= Baron Palmer =

Barony in the Peerage of the United Kingdom

Baron Palmer, of Reading in the County of Berkshire, is a title in the Peerage of the United Kingdom. It was created in 1933 for the businessman and patron of music, Sir Ernest Palmer, 1st Baronet. He had already been created a baronet, of Grosvenor Crescent in the City of Westminster, in the Baronetage of the United Kingdom on 26 January 1916. The Palmer family had made its fortune from their ownership of the firm of Huntley & Palmers, biscuit manufacturers, of Reading. As of 2023 the titles are held by the first Baron's great-great-grandson, the fifth Baron, who succeeded his father in 2023.

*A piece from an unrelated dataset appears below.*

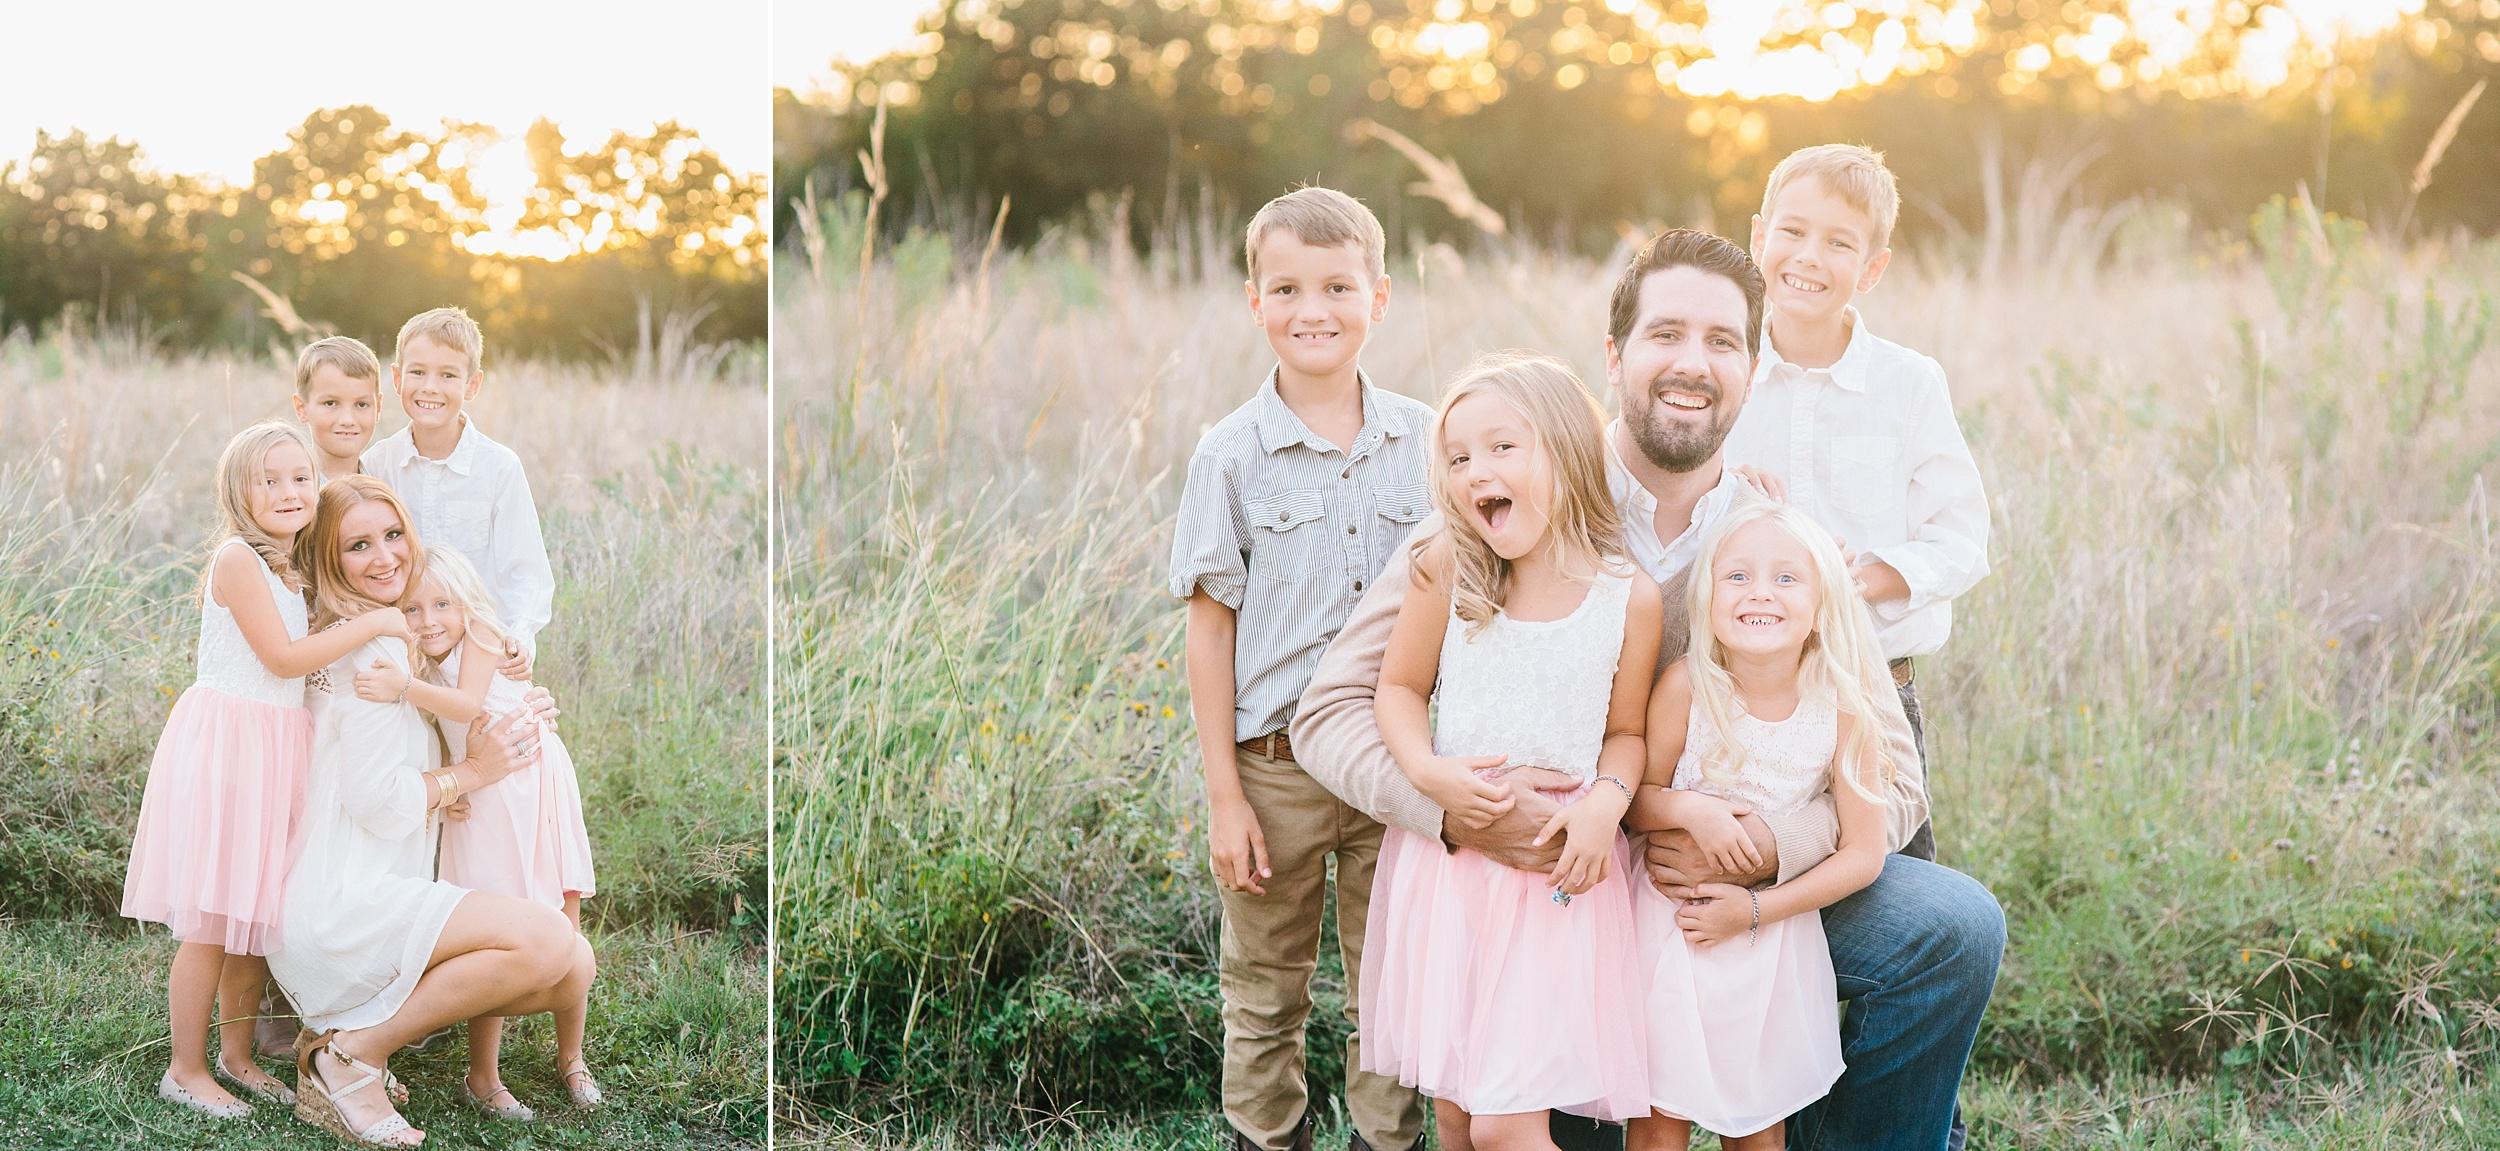 Austin Family Photographer 11.jpg
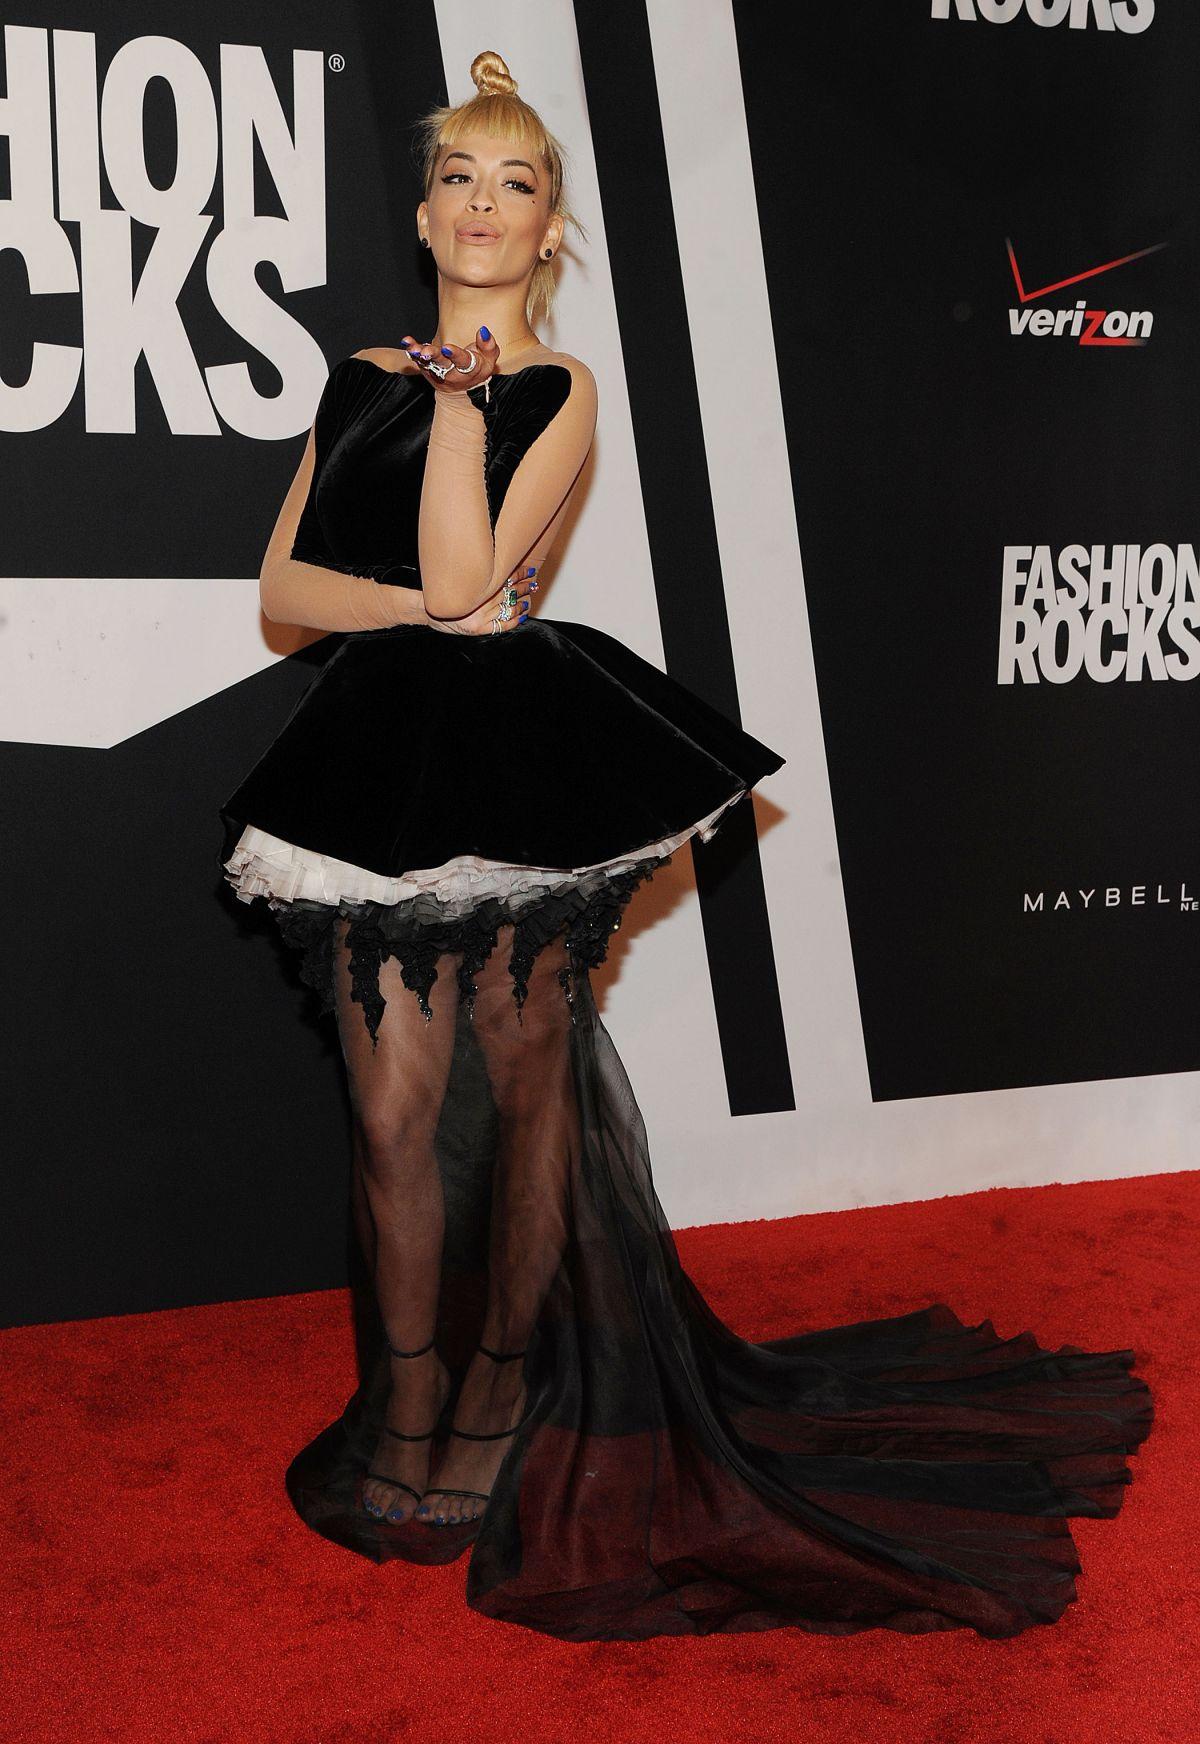 RITA ORA at Fashion Rocks 2014 in New York

The family seat is Manderston, near Duns, Berwickshire.

==Baron Palmer (1933)==
- (Samuel) Ernest Palmer, 1st Baron Palmer (1858–1948)
- (Ernest) Cecil Nottage Palmer, 2nd Baron Palmer (1882–1950)
- Raymond Cecil Palmer, 3rd Baron Palmer (1916–1990)
- Adrian Bailie Nottage Palmer, 4th Baron Palmer (1951–2023)
- Hugo Bailie Rohan Palmer, 5th Baron Palmer (b. 1980)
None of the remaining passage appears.